=== EXERCISE OBJECTIVE ===
The entries below are to be transcribed in full, without their images.

Excerpts from a dataset:

*** Begin section ***

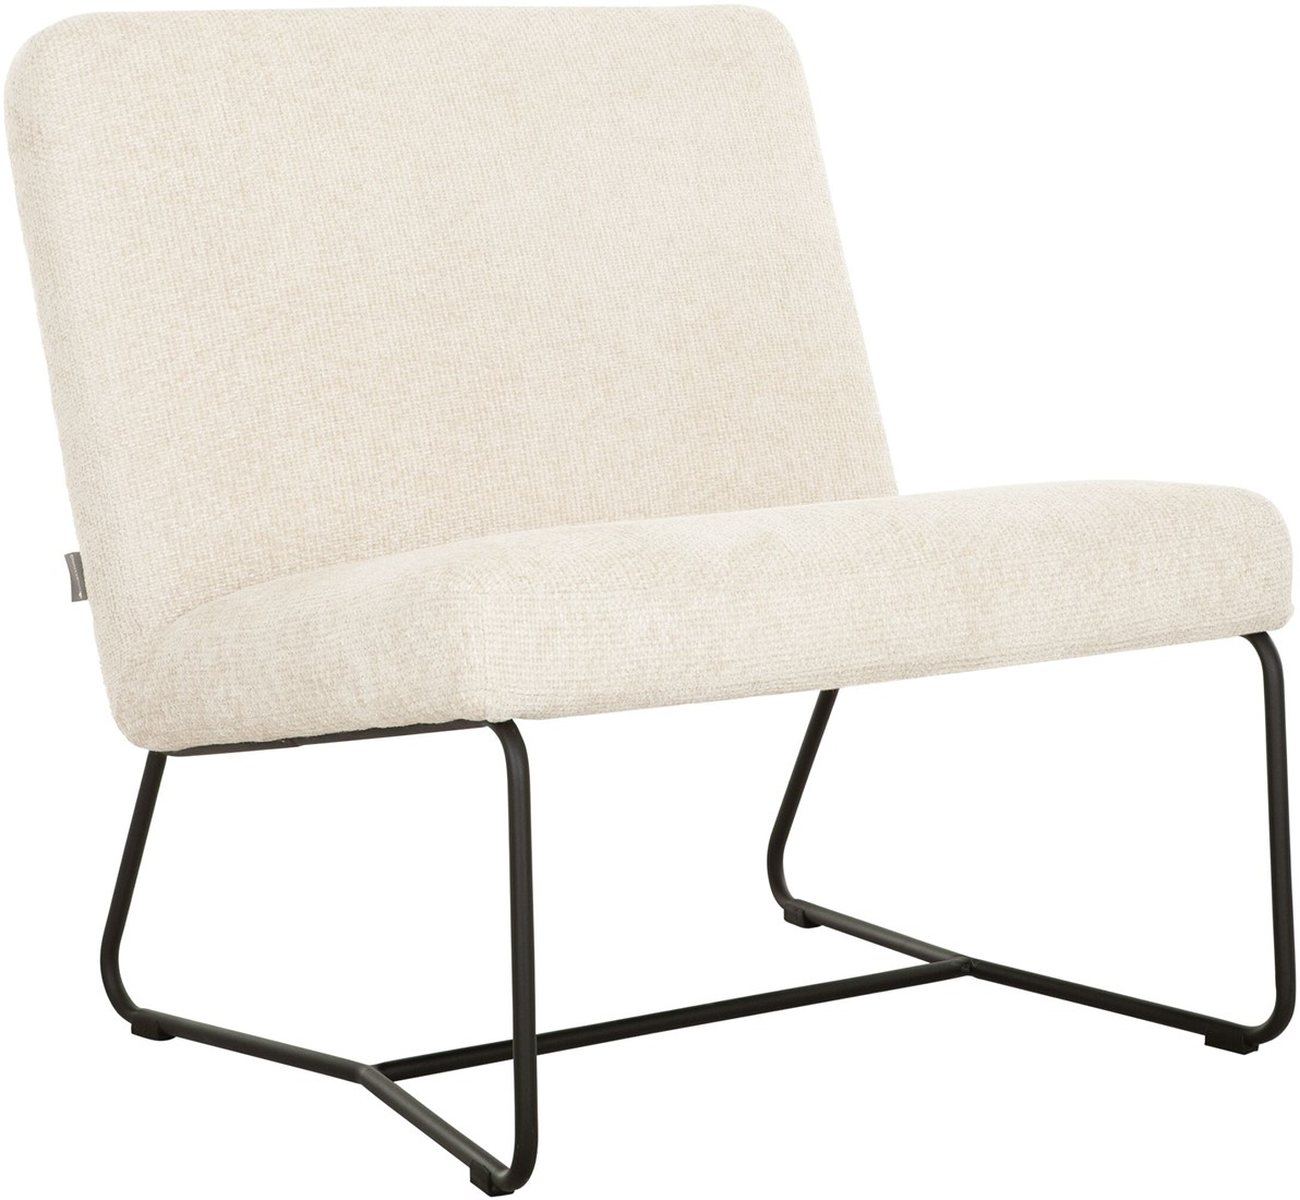 Der Sessel Zola überzeugt mit seinem modernen Design. Gefertigt wurde er aus Stoff, welcher einen natürlichen Farbton besitzt. Das Gestell ist aus Metall und hat eine schwarze Farbe. Der Sessel besitzt eine Größe von 80x78x80 cm.
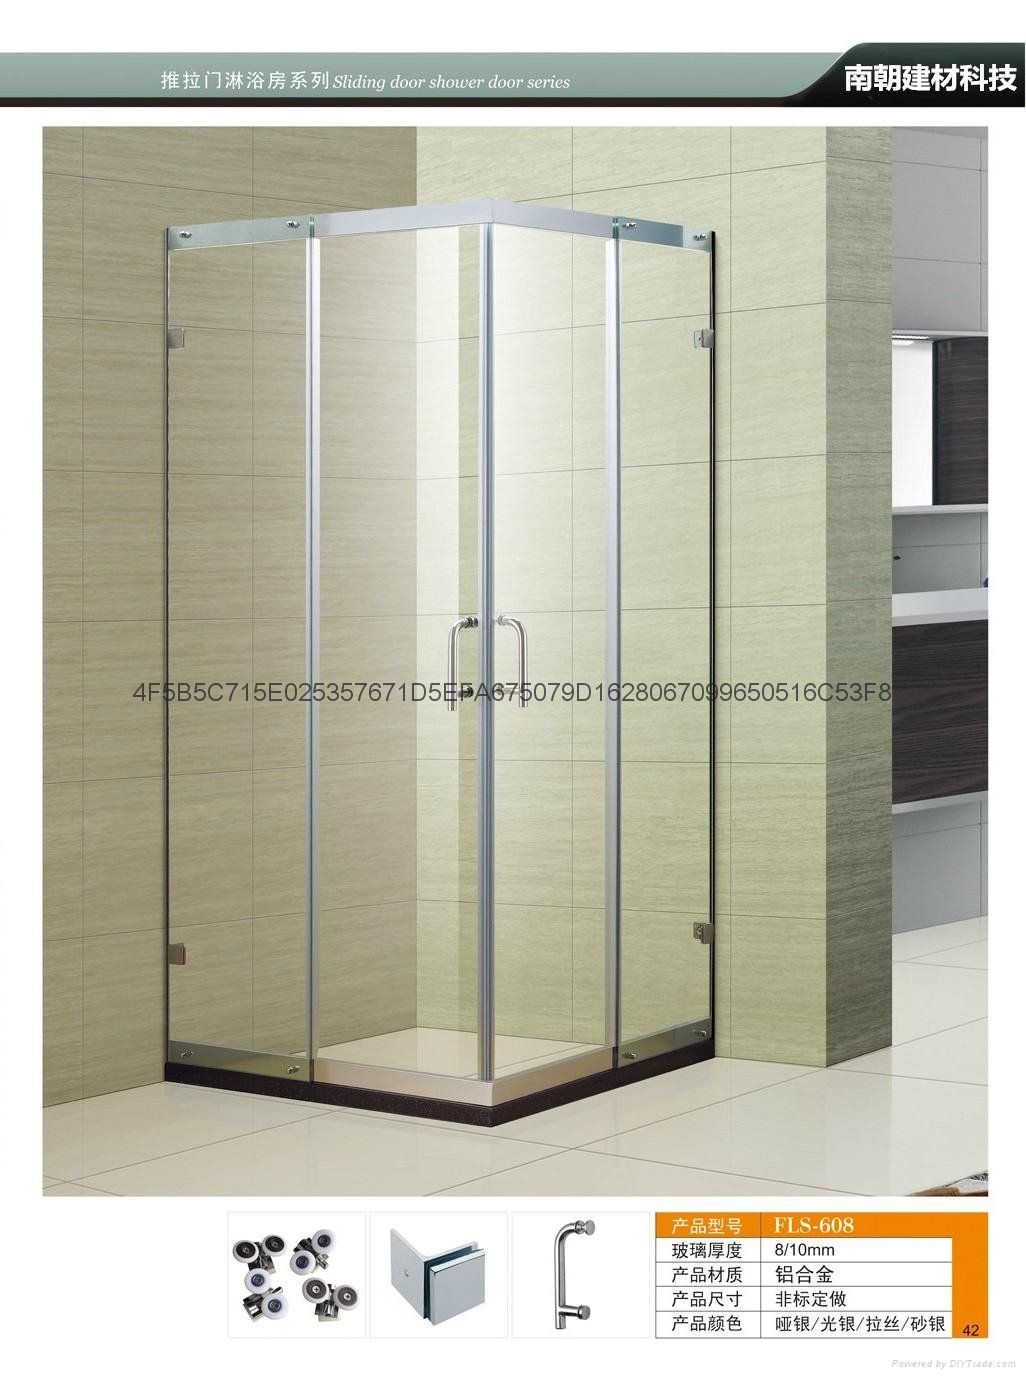 FS-608 淋浴房 整体浴室钢化玻璃定制浴屏隔断移门沐浴房简易淋浴房 2
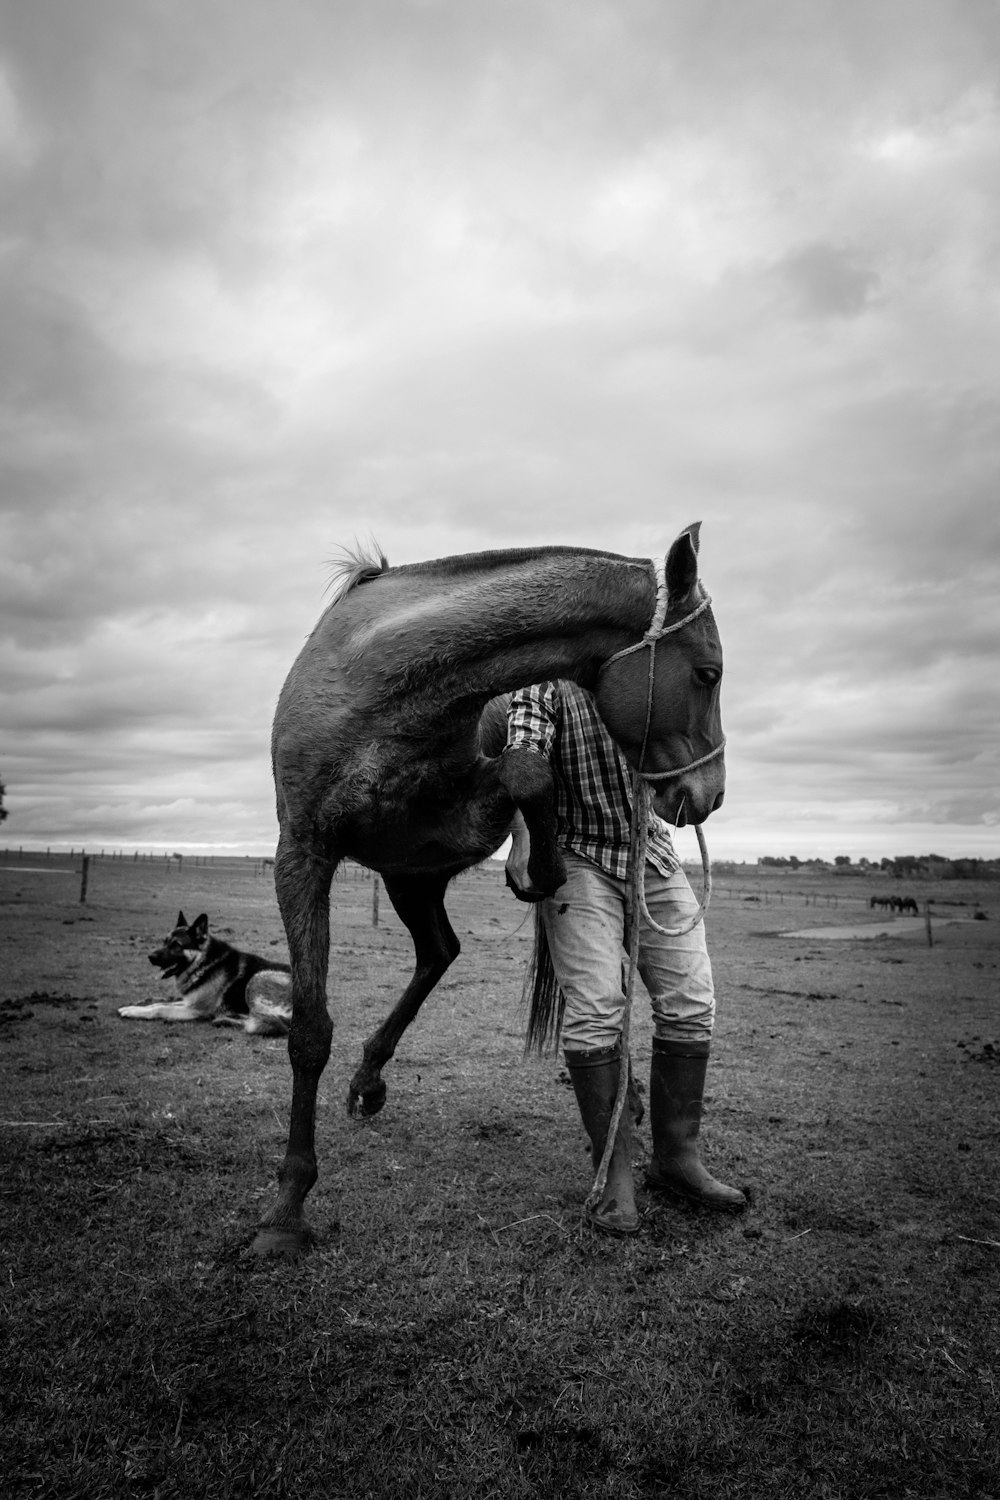 fotografia in scala di grigi del cavallo
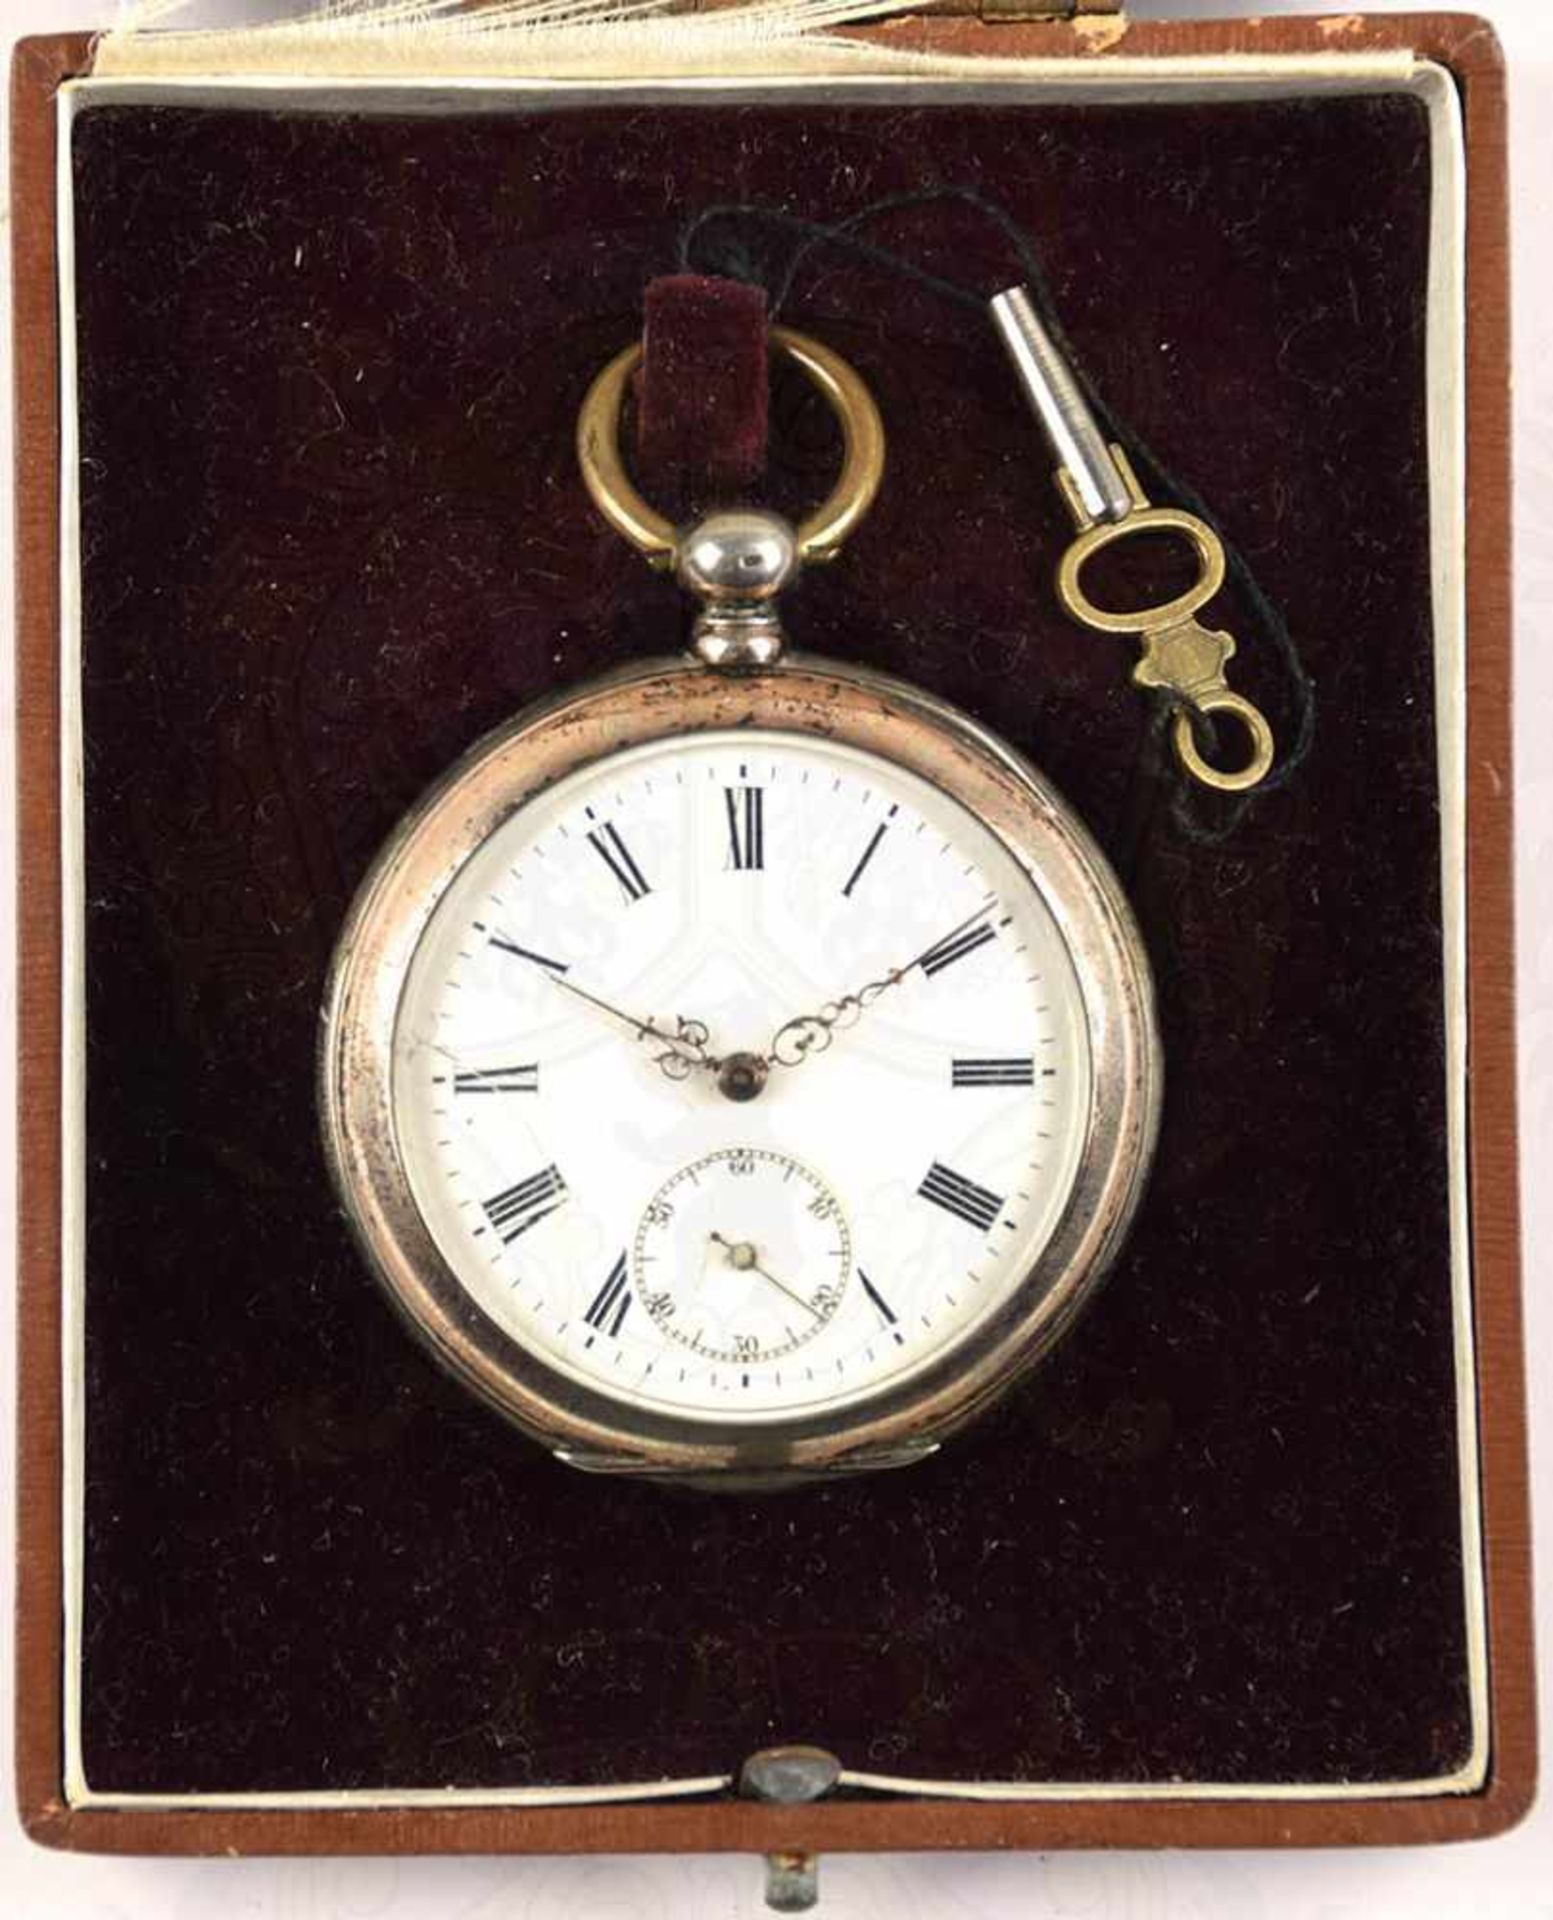 HERREN-TASCHENUHR, um 1890, punziert „800“, 15 Rubis, Tragering, Schlüsselaufzug (orig. Schlüssel
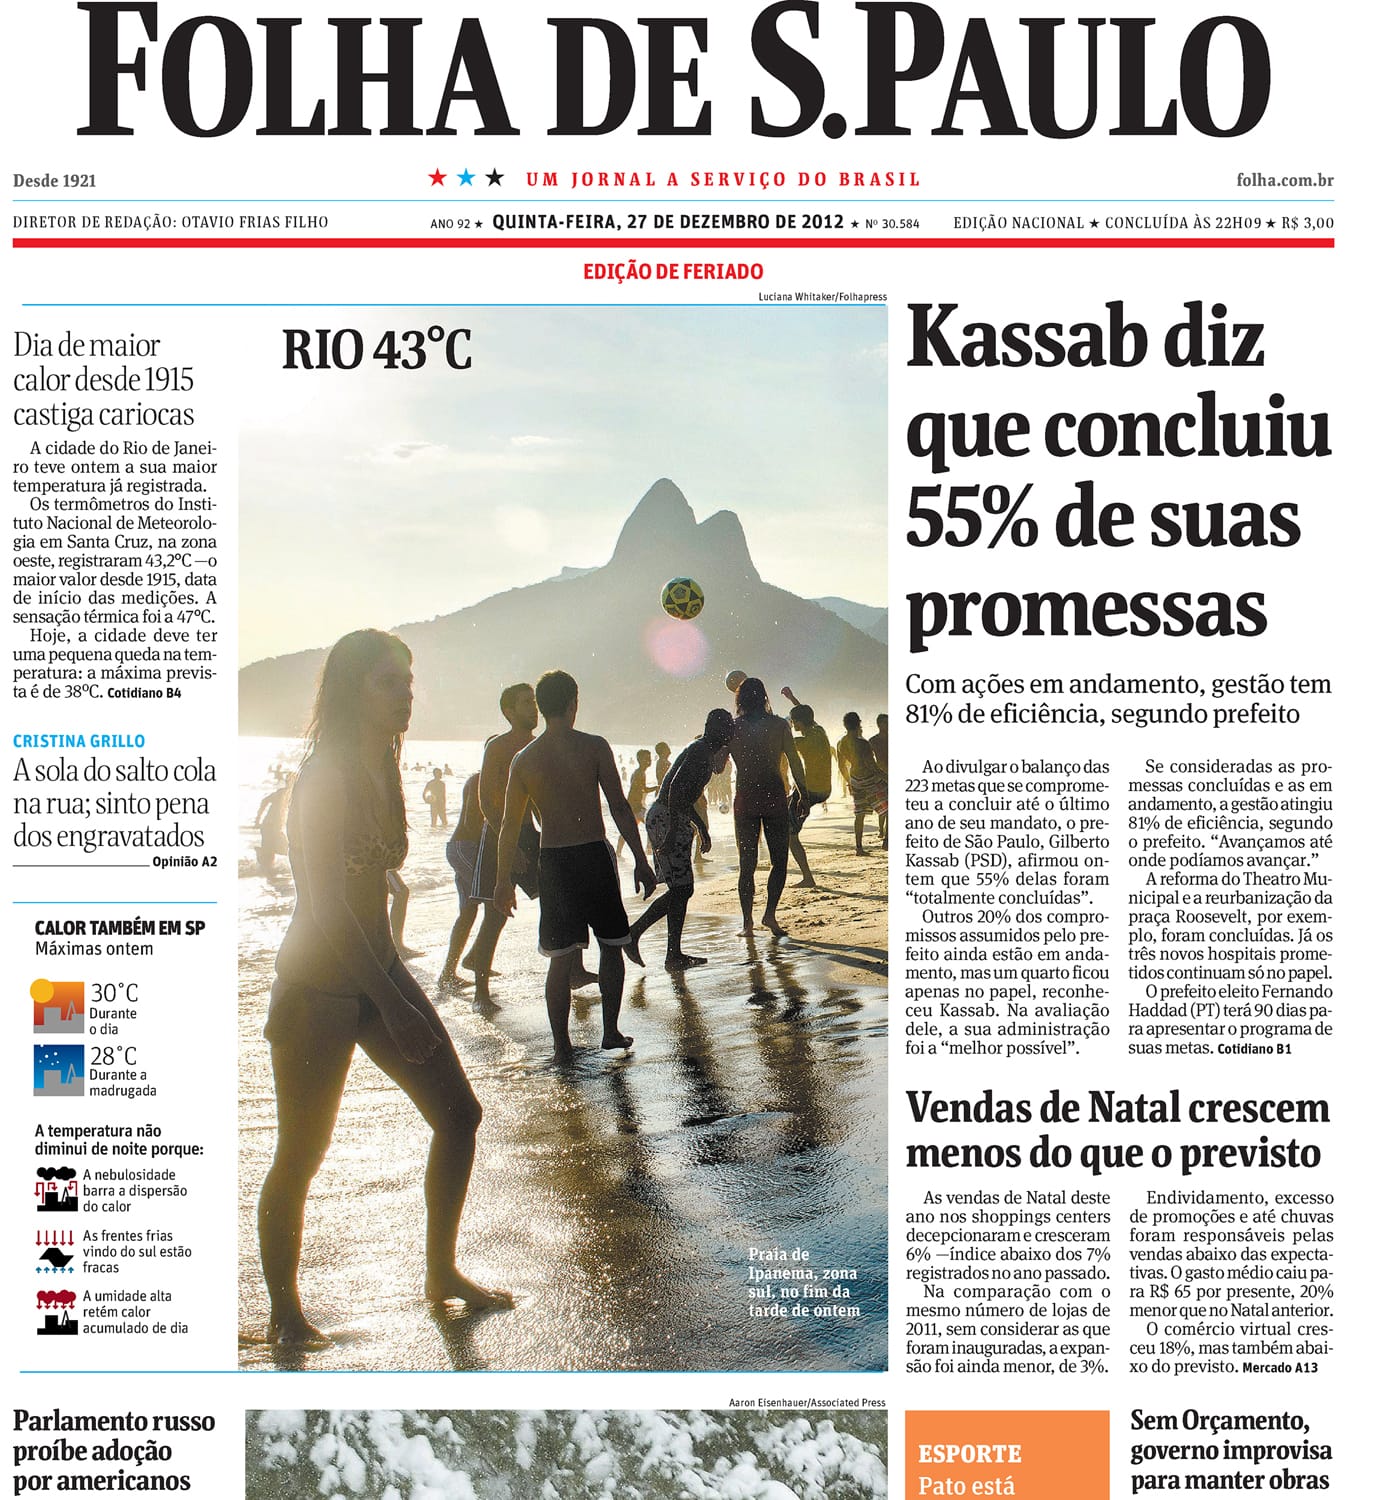 Folha de S. Paulo, Brazil

*** End section ***

=== PROBLEM SOLUTION ===
 Der Sessel Zola überzeugt mit seinem modernen Design. Gefertigt wurde er aus Stoff, welcher einen natürlichen Farbton besitzt. Das Gestell ist aus Metall und hat eine schwarze Farbe. Der Sessel besitzt eine Größe von 80x78x80 cm.
 FS-608 淋浴房 整体浴室钢化玻璃定制浴屏隔断移门沐浴房简易淋浴房 2
 fotografia in scala di grigi del cavallo
 HERREN-TASCHENUHR, um 1890, punziert „800“, 15 Rubis, Tragering, Schlüsselaufzug (orig. Schlüssel
 Folha de S. Paulo, Brazil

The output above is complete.